Korean Dataset Construction for Relation Extraction Task on Natures and Environments

This work has done as the part of project in Naver BoostCamp AI Tech 3rd. This project aims to preprocess, annotate, validate the raw dataset collected from korean wiki. Herein, we provide the raw data, annotated data via huggingface datasets library. Since only about two weeks are given to complete the overall process, the result may seem somehow sloppy.
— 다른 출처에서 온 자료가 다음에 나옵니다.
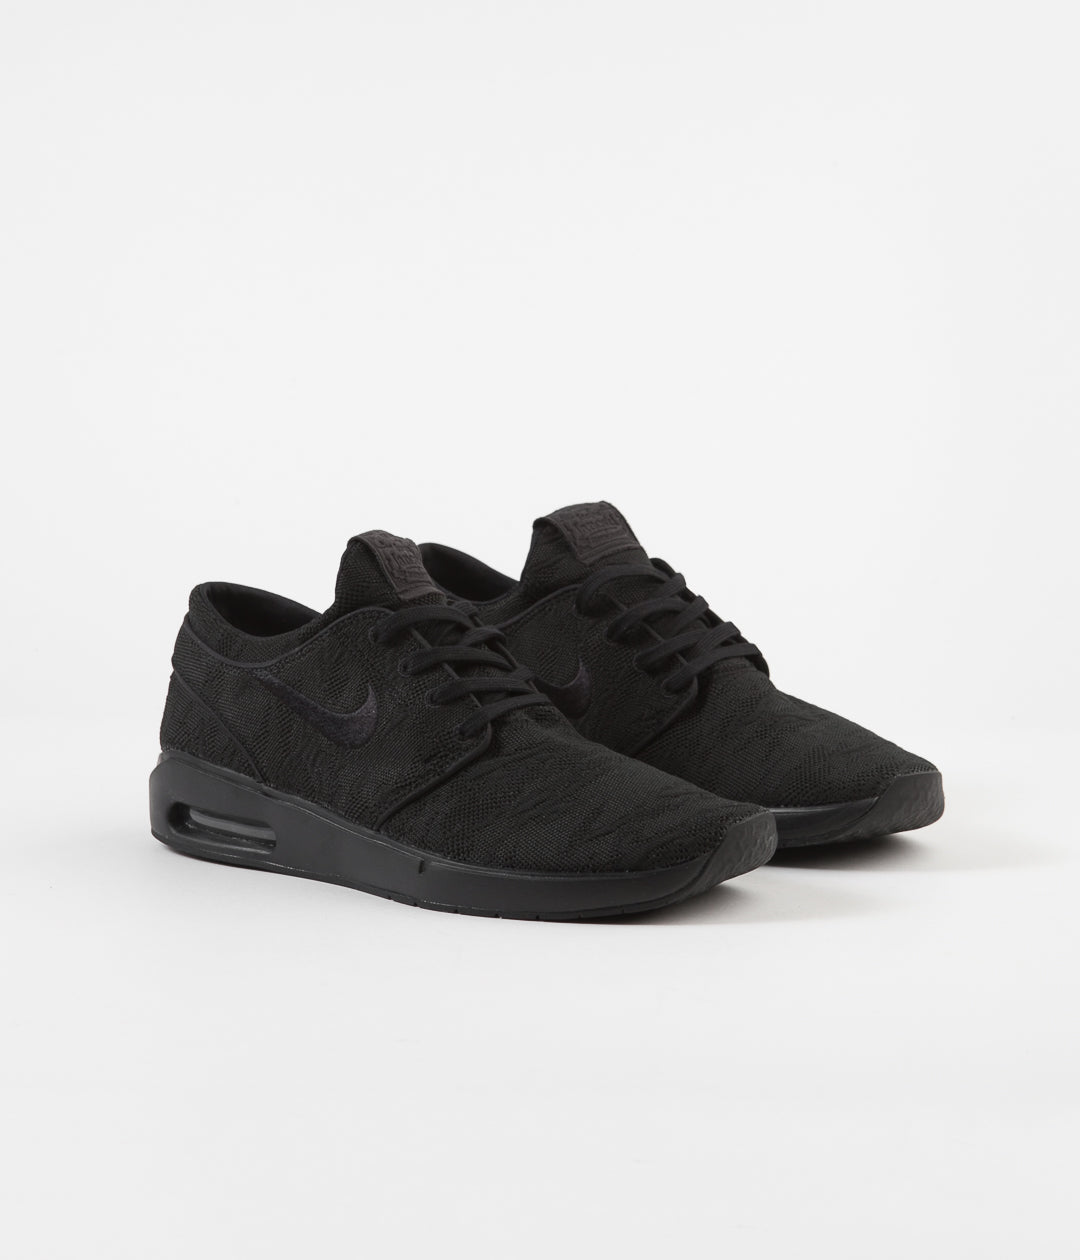 Nike SB Air Max Stefan 2 Shoes - Black / Black - Black - Black | Flatspot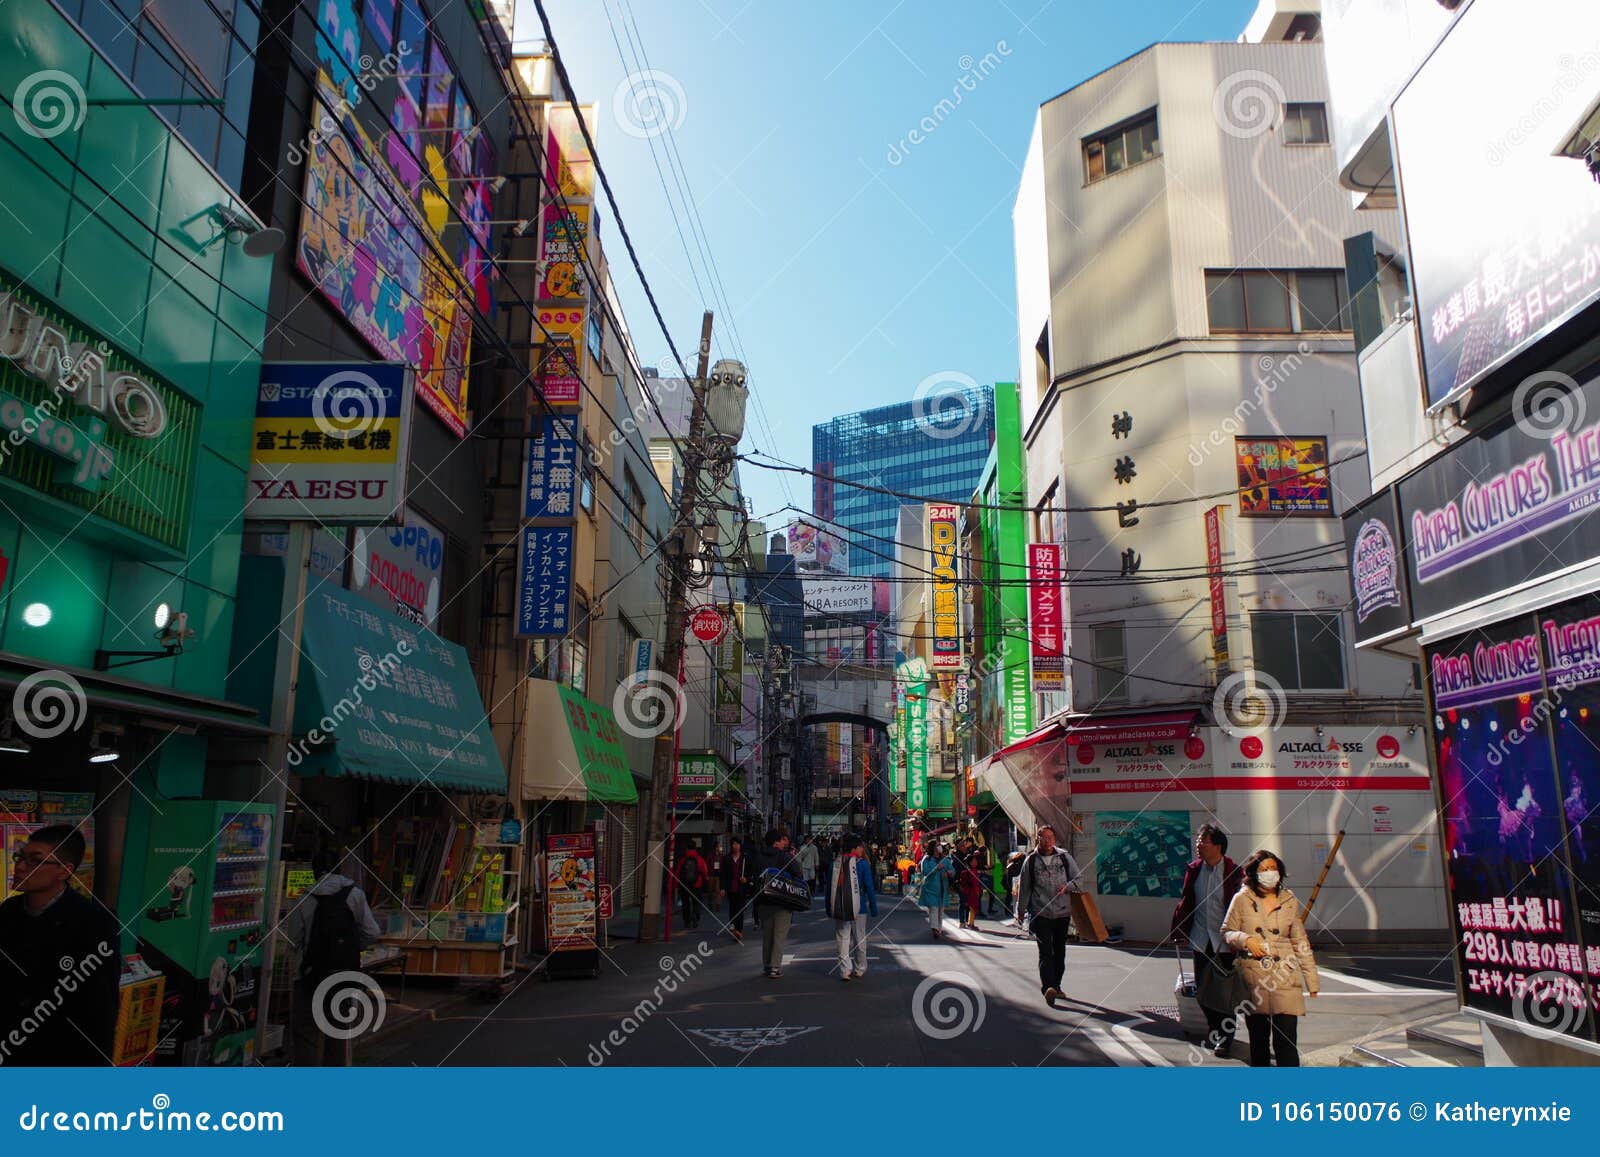 colourful buildings in akihabara | Tokyo, Colourful buildings, Akihabara

However, we provide English version short technical paper for those who consider to construct natural langue dataset but have no idead how to proceed. Eventhough our work primarily is about relation extraction task and some provided materials such as guidelines are written in Korean, we believe our trial and errors can help people avoid same troubles we have faced.

Technical paper

Small-Scale Korean Corpus for Relation Extraction Task on Nature and Environments

Simple code snippets to access the dataset

you need to install datasets beforehand : pip install datasets

from datasets import load_dataset
dataset = load_dataset("kimcando/KOR-RE-natures-and-environments")

>>> dataset['train'][0]
{'Unnamed: 0': 0, 'sentence': '흙 또는 토양(土壤)은 암석이나 동식물의 유해가 오랜 기간 침식과 풍화를 거쳐 생성된 땅을 구성하는 물질이다.', 
'subject_entity': "{'word': '흙', 'start_idx': 0, 'end_idx': 0, 'type': 'RES'}", 
'object_entity': "{'word': '토양', 'start_idx': 5, 'end_idx': 6, 'type': 'RES'}", 
'label': 'res:alter_name', 
'file_name': "('흙.txt', 'aJsku6MJ1m_p5ApaGJwqnBtchlVq-_.txt.ann.json')", 'sent_idx': 0, 'id': 0}

You can ignore Unnamed, file_name, sent_idx, id attributes.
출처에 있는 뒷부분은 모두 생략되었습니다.